> _SUPPLIED MATERIAL_:
---
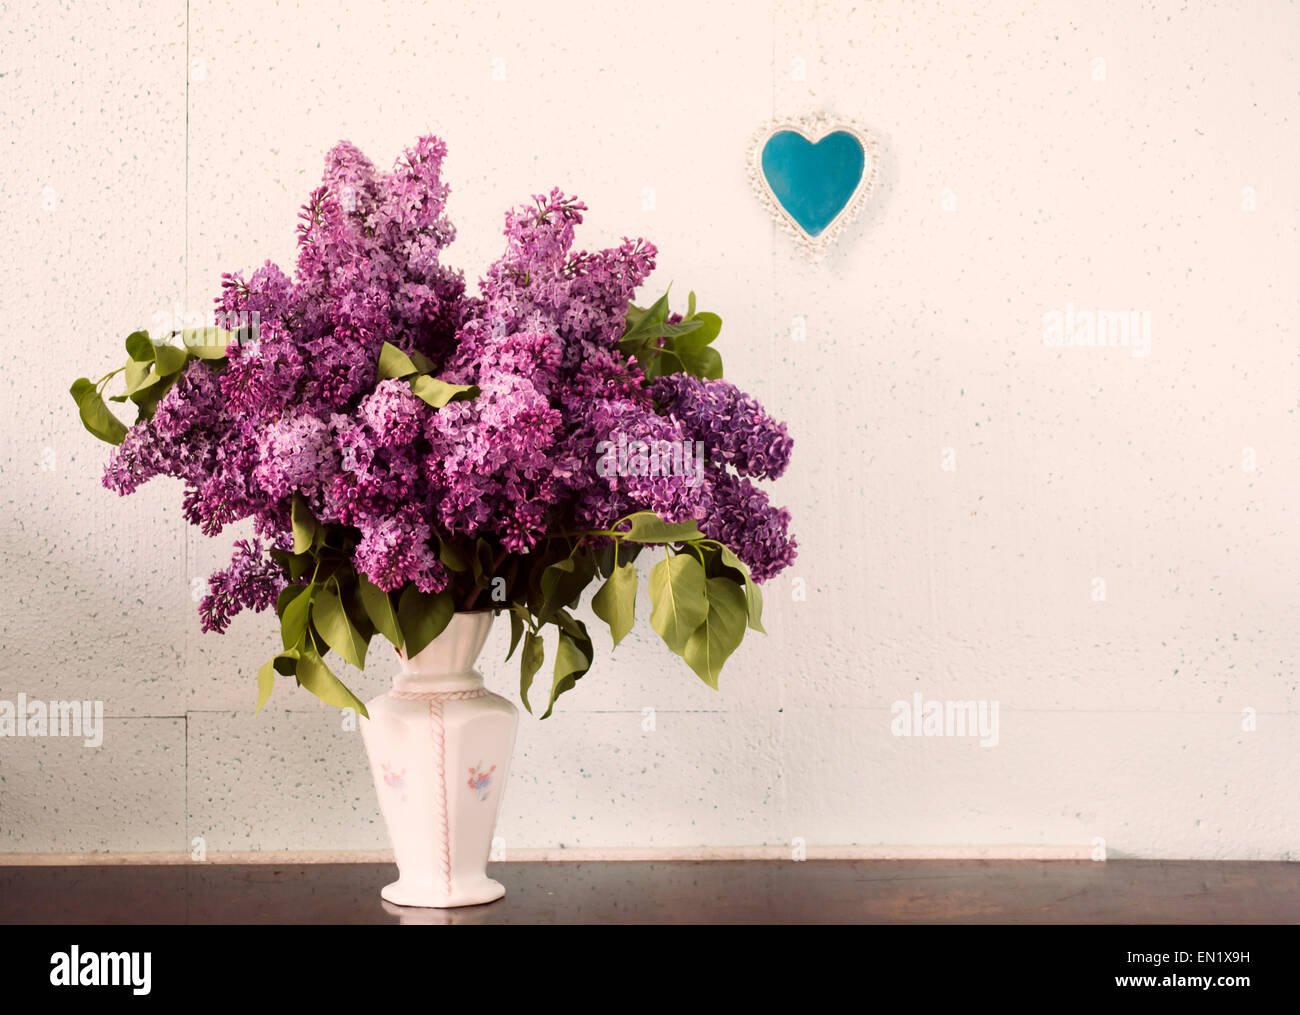 Lilac in a Vase and small heart-shaped mirror on the wall. Stock Photo
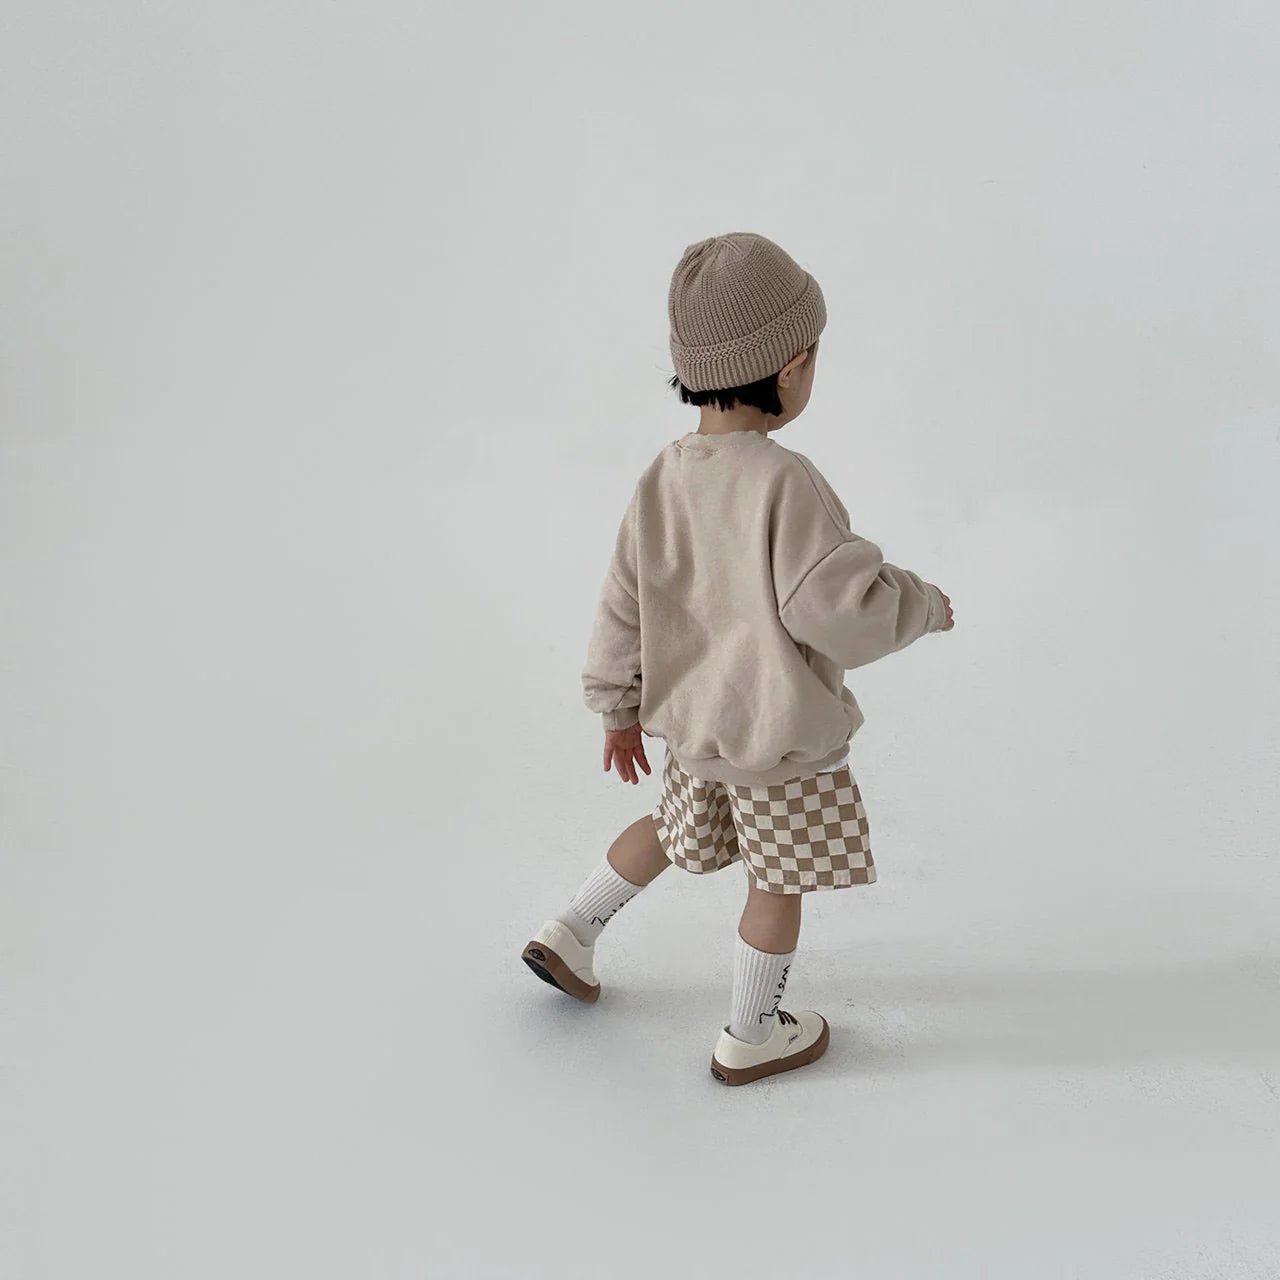 Checker Board Shorts find Stylish Fashion for Little People- at Little Foxx Concept Store
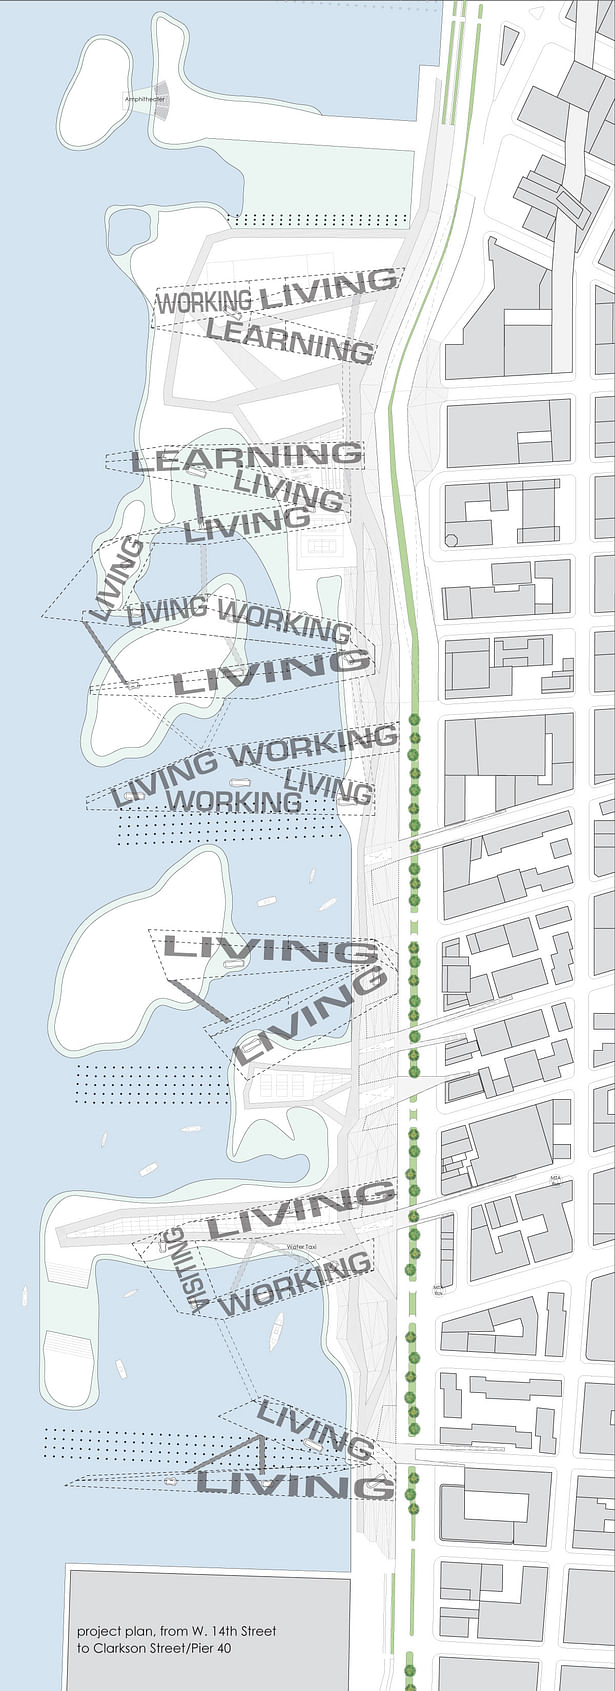 project plan from W. 14th Street to Clarkson Street/Pier 40
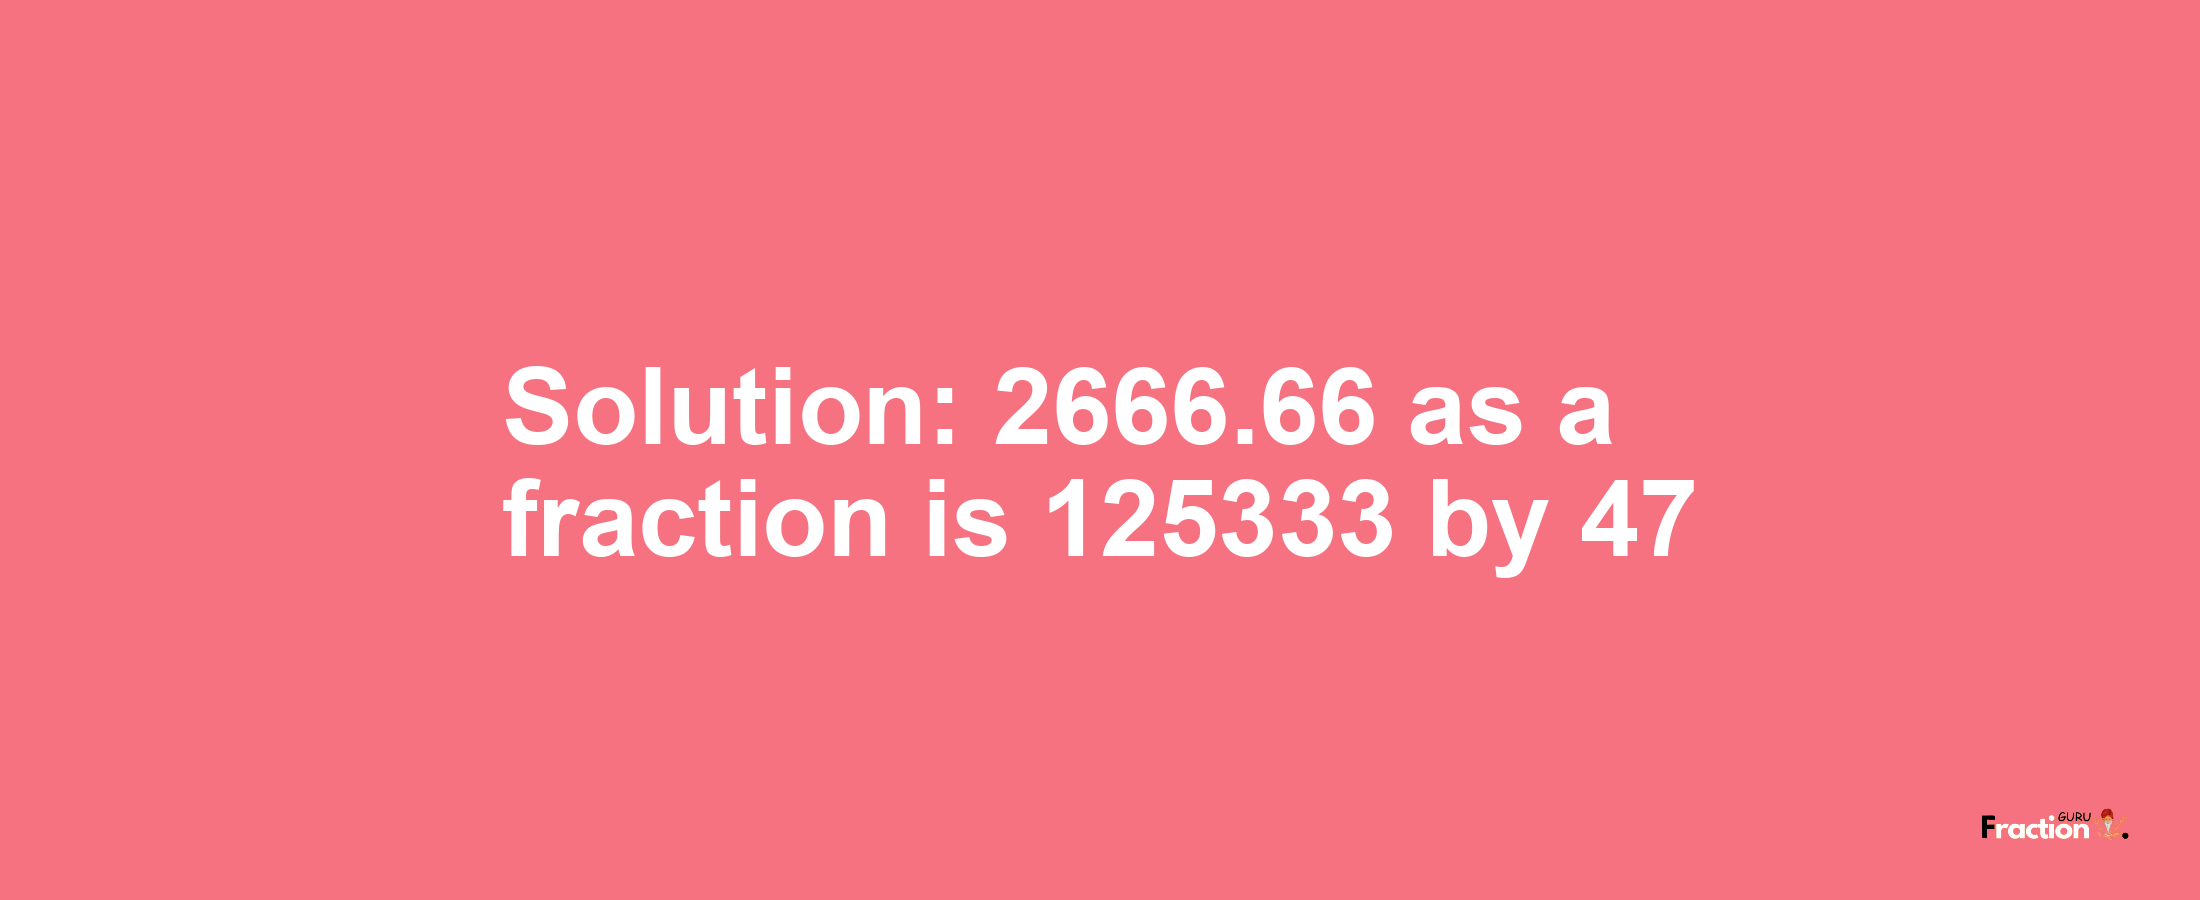 Solution:2666.66 as a fraction is 125333/47
---
> _TO DO_:
Exactly as written, give again every line from the one containing "Checker Board Shorts" through the last line of the material, both included, with the pictures left out.

> _RESPONSE BOX_:
 Checker Board Shorts find Stylish Fashion for Little People- at Little Foxx Concept Store
 project plan from W. 14th Street to Clarkson Street/Pier 40
 Solution:2666.66 as a fraction is 125333/47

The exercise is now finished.